Wicksell’s work had a clear Austrian connection in its reliance on Bohm-Bawerk’s theory of capital in developing the concept of the nature rate of interest.

[...]

Hayek’s relationship with monetary equilibrium theory was also somewhat ambiguous. In some of his early writings, he defended a constant supply of money and appeared to agree with Mises’ claim that the creation of fiduciary media would disequilibrate the real capital market. On the other hand, as Selgin (1988a: 57) points out, there are numerous passages in Hayek where is recognizes that the nominal money supply should adjust to changes in the demand to hold money balances…in the second edition of Prices and Production, as we shall discuss later on, Hayek clearly call for changes in the money supply that offset movements in velocity so as to stabilize the left side of the equation of exchange. He was skeptical of the ability of any banking institution to actually accomplish this task, but he does indicate that this is desirable norm. Even as late as his 1978 book The Denationalisation of Money, he argued that:

A stable price level…demands..that the quantity of money (or rather the aggregate value of all the most liquid assets) be kept such that people will no reduce or increase their outlay for the purpose of adapting their balances to their altered liquidity preferences.

In other words, Hayek is arguing that in response to change in the demand for money (liquidity preferences), the monetary authority ought to adjust the supply of money so as to head off a scramble to obtain, or rush to get rid of, money balances.

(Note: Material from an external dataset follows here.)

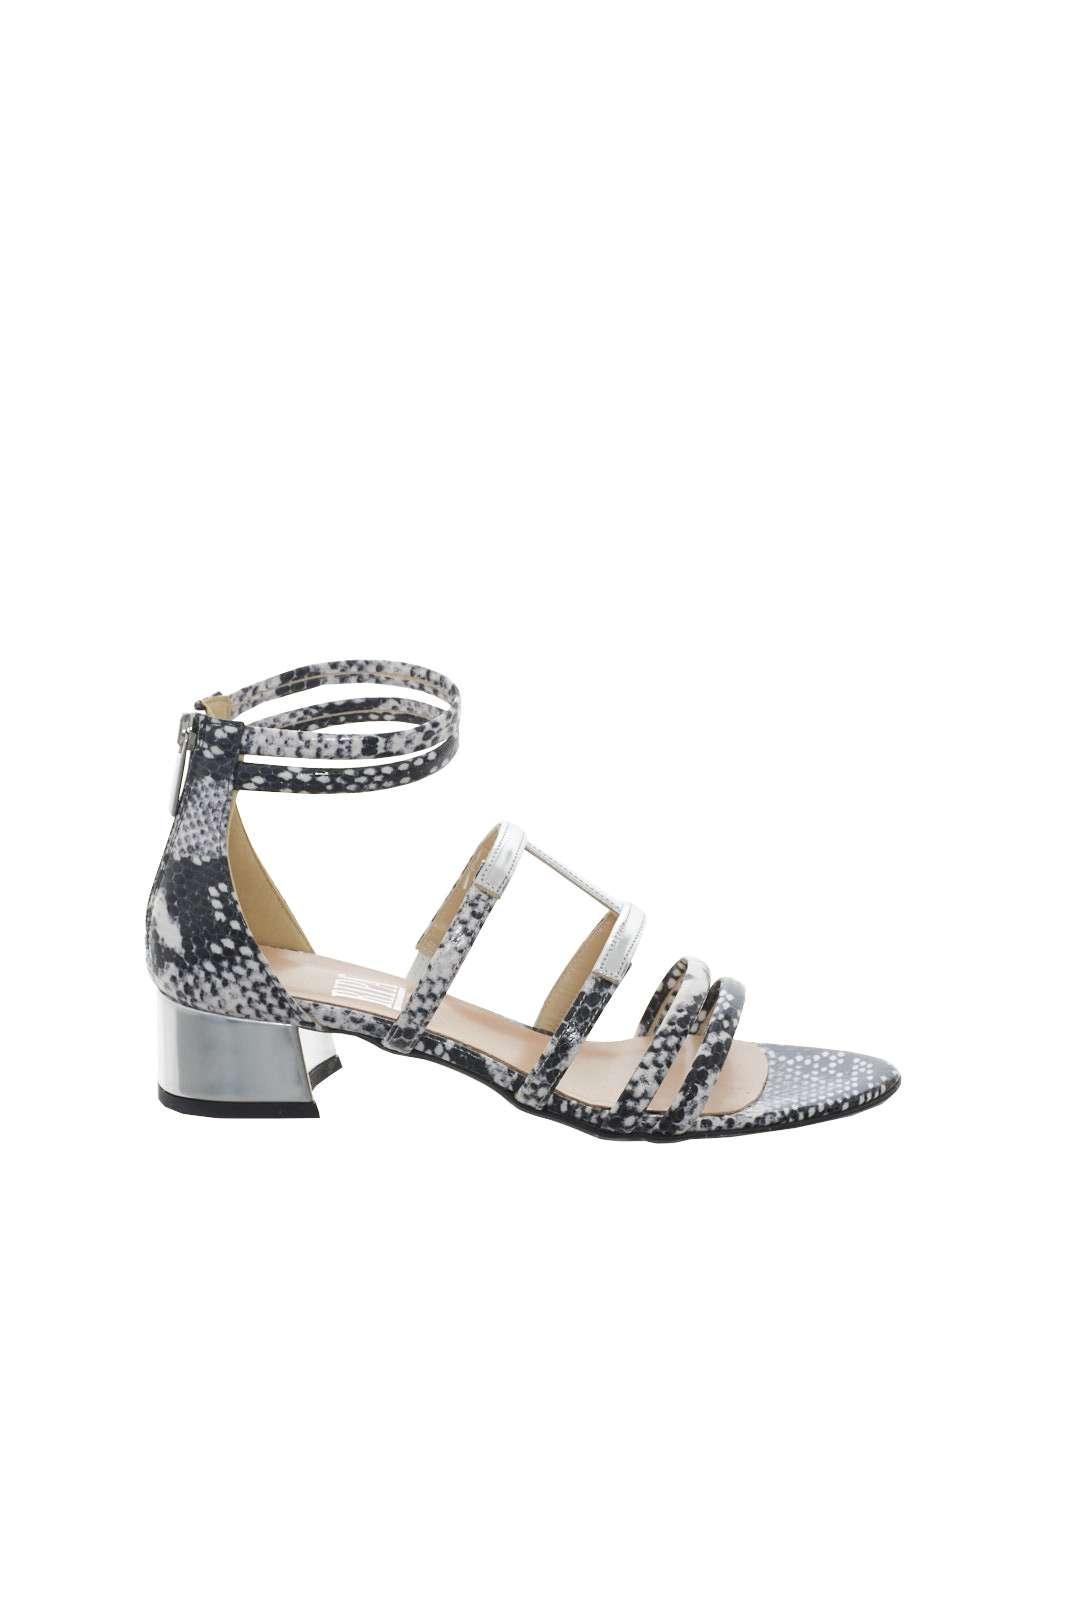 https://www.parmax.com/media/catalog/product/a/i/PE-outlet_parmax-sandali-donna-Ripa-Shoes-ripa-A.jpg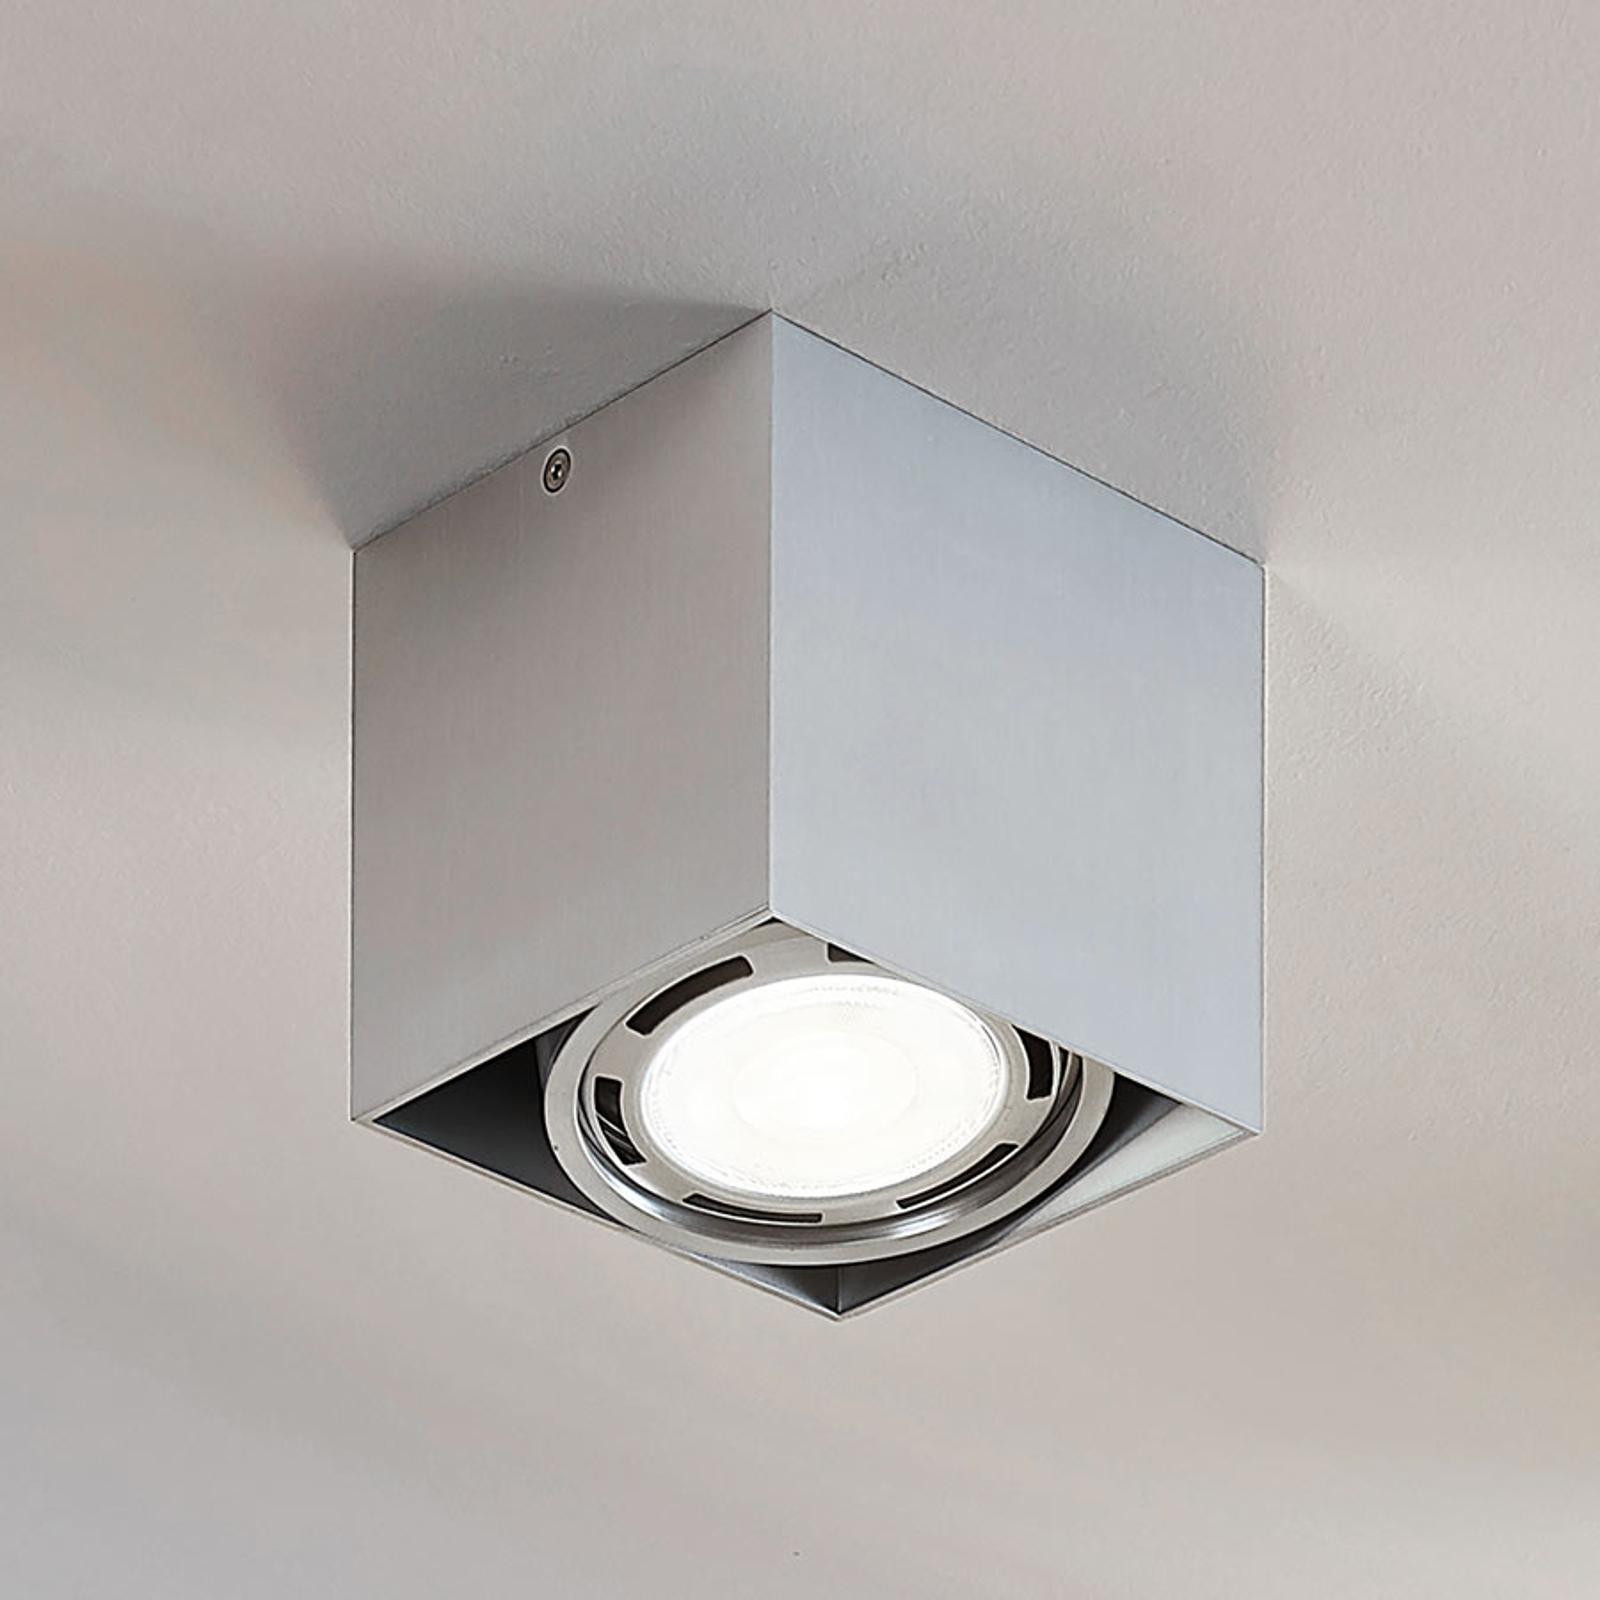 Downlight LED Rosalie à 1 lampe, angulaire, alu

That lengthy quote is taken from Microfoundations and Macroeconomics: An Austrian Perspective by Steven Horwitz (p. 75 -79). Thus, it is curious that Murphy would write:

As I mentioned in the introduction, this is why intellectually consistent conservatives are defecting to the Austrian camp. They can’t listen to their favorite AM radio hosts or TV pundits blast away at the stupidity of Keynesian deficit spending, and then turn right around and champion Bernanke’s attempt to stimulate aggregate demand.

What David Beckworth is arguing is that we must maintain monetary equilibrium, which is precisely what Hayek suggested was the optimal type of monetary policy not only in Prices and Production, which articulates in great detail the Austrian business cycle theory, but also in his work nearly a half-century later.

So what precisely is the Austrian critique? Murphy seems to be suggesting that any increase in the money supply generates inflation and distorts the capital structure. That view might fly with a certain band of Austrians, but it is not consistent with Hayek’s articulation of the Austrian business cycle theory and it is not even consistent with a free banking system in the absence of a central bank. Under a free banking system, banknotes would be redeemable in terms of a particular commodity. It follows that banks would routinely vary their level of reserves in accordance with the demand for money.

My objective in discussing this issue is merely to point out that David’s argument is not that more nominal spending is always better. Rather, it is the concept of monetary equilibrium that is at the center of David’s claim that quantitative easing is necessary. Accordingly, rapid declines in nominal spending reflect a deviation of desired money balances from actual money balances and, as a result, require monetary expansion to correct. In addition, this concept is not only at the core of David’s argument, but also at the core of the Austrian theory of the business cycle as articulated by Hayek and others.

Thus, Robert Murphy is free to support (or oppose) whatever policy he desires. The astute reader will note that I have not advocated a particular policy in the post. I have not done so because the purpose of the post, as with so many since the recession began, is to explicitly outline a framework rather than a caricature thereof. If one is to advocate the Austrian position and argue that David is wrong, the argument must take seriously the concept of monetary equilibrium and recognize that this concept was also at the core of Hayek’s thinking. Such an advocate would therefore have to explain why Hayek’s policy prescription was not consistent with the business cycle theory that he contributed so much to developing; or, alternatively, that we are not currently in a state of monetary disequilibrium.